Sunday, December 12, 2004

RAPE THE PLANET
or
BUSH'S ENVIRONMENTAL RUNAROUND

From the AP via the Houston Chronicle:

Bush has own pollution plan

President Bush will make air pollution a top priority in Congress early next year, starting with "an aggressive push" to build support for his pollution-cutting plan, senior administration officials said Saturday.

At the same time, the administration will hold off until no later than March on a rule to cut pollution from power plants that would accomplish some of the same ends as Bush's anti-pollution plan, the officials told the Associated Press.

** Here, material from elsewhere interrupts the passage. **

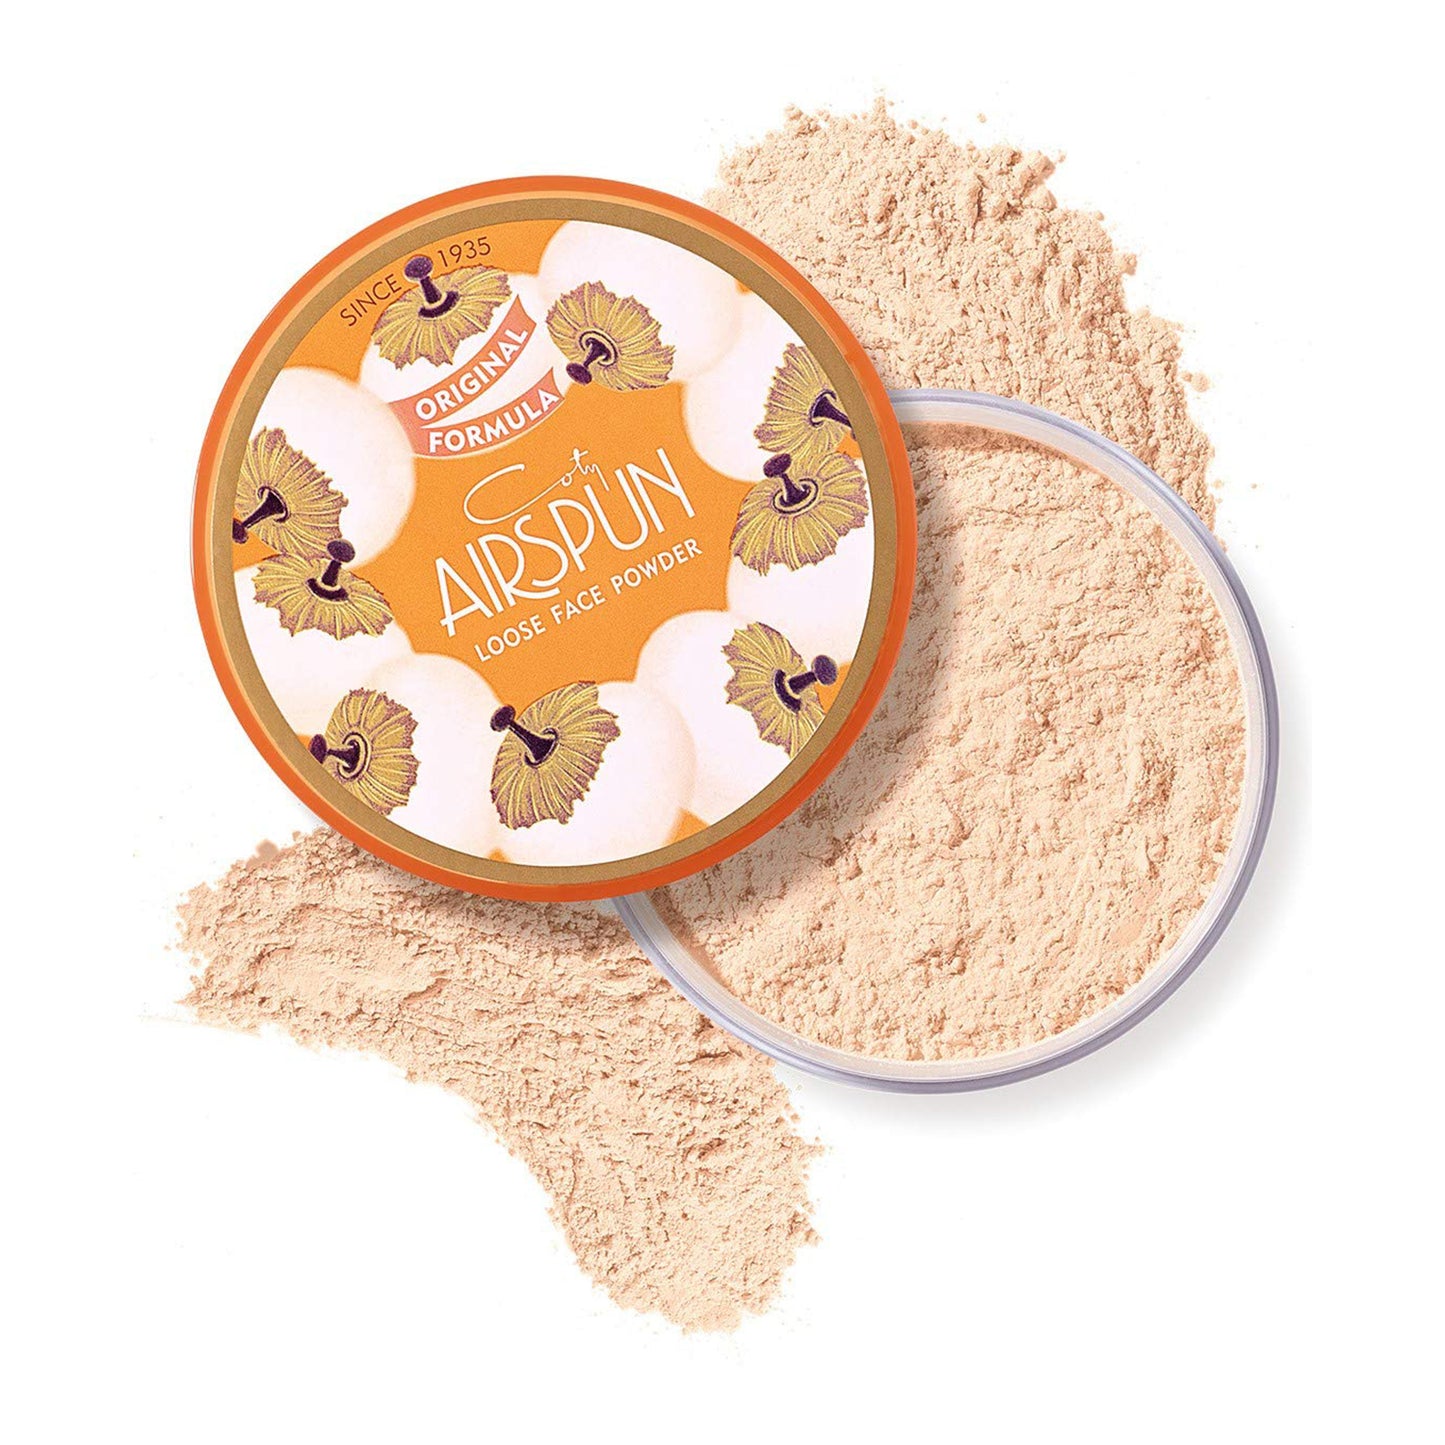 Coty Airspun Loose Face Powder. cash on delivery in karachi, lahore, pakistan

The White House on Saturday told the Environmental Protection Agency of its game plan, which is meant to allow time for Sen. James Inhofe, R-Okla., sponsor of Bush's "Clear Skies" initiative, to hold hearings on it in January.

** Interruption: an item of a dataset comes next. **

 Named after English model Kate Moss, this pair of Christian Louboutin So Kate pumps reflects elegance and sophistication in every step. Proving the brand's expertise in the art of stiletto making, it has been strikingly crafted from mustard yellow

"The president decided to make a strong push at the start of next year to complete his clean air and clean energy agenda," said EPA Administrator Mike Leavitt, who met with Bush to discuss the strategy earlier in the week. "And we now have a framework under which we will proceed."

This kinda sounds like the runaround if you ask me. In fact, that's exactly what critics are saying:

"The Bush administration is now staking its money on a bill in Congress that weakens and delays public health protections already provided under the current Clean Air Act, while forcing the EPA to delay public health protections under current law," said John Walke, director of clean air programs for the Natural Resources Defense Council.

Click here for the rest.

Conservatives know that environmentalism is popular, but they sneer at it privately; their wealthy, polluting campaign contributors demand that the government ease up on environmental regulations. What's a conservative politician to do? Answer: talk the talk while doing everything possible to avoid walking the walk.

Again from the AP via the Houston Chronicle:

EPA lets refineries miss deadline - again

Federal officials have quietly allowed the nation's oil refineries to miss court-ordered deadlines to reduce air emissions, prolonging the public's exposure to dangerous pollutants, a newspaper investigation has found.

Nearly every time, the Environmental Protection Agency failed to tell the courts or the public about the deadline extensions, even when legal settlements required it to do so, the Fort Worth Star-Telegram reported today.

Because of those extensions, the EPA's Petroleum Refinery Initiative has not achieved the air quality improvements that the agency has claimed, the newspaper found.

Click here for the rest.

They delay and stall passing legislation. They stall and delay implementing policy. And, as the above excerpt shows, they drag their feet enforcing existing rules. Don't be fooled: any time a conservative talks about reducing pollution, he's lying. There's no such thing as an environmentalist conservative. Period.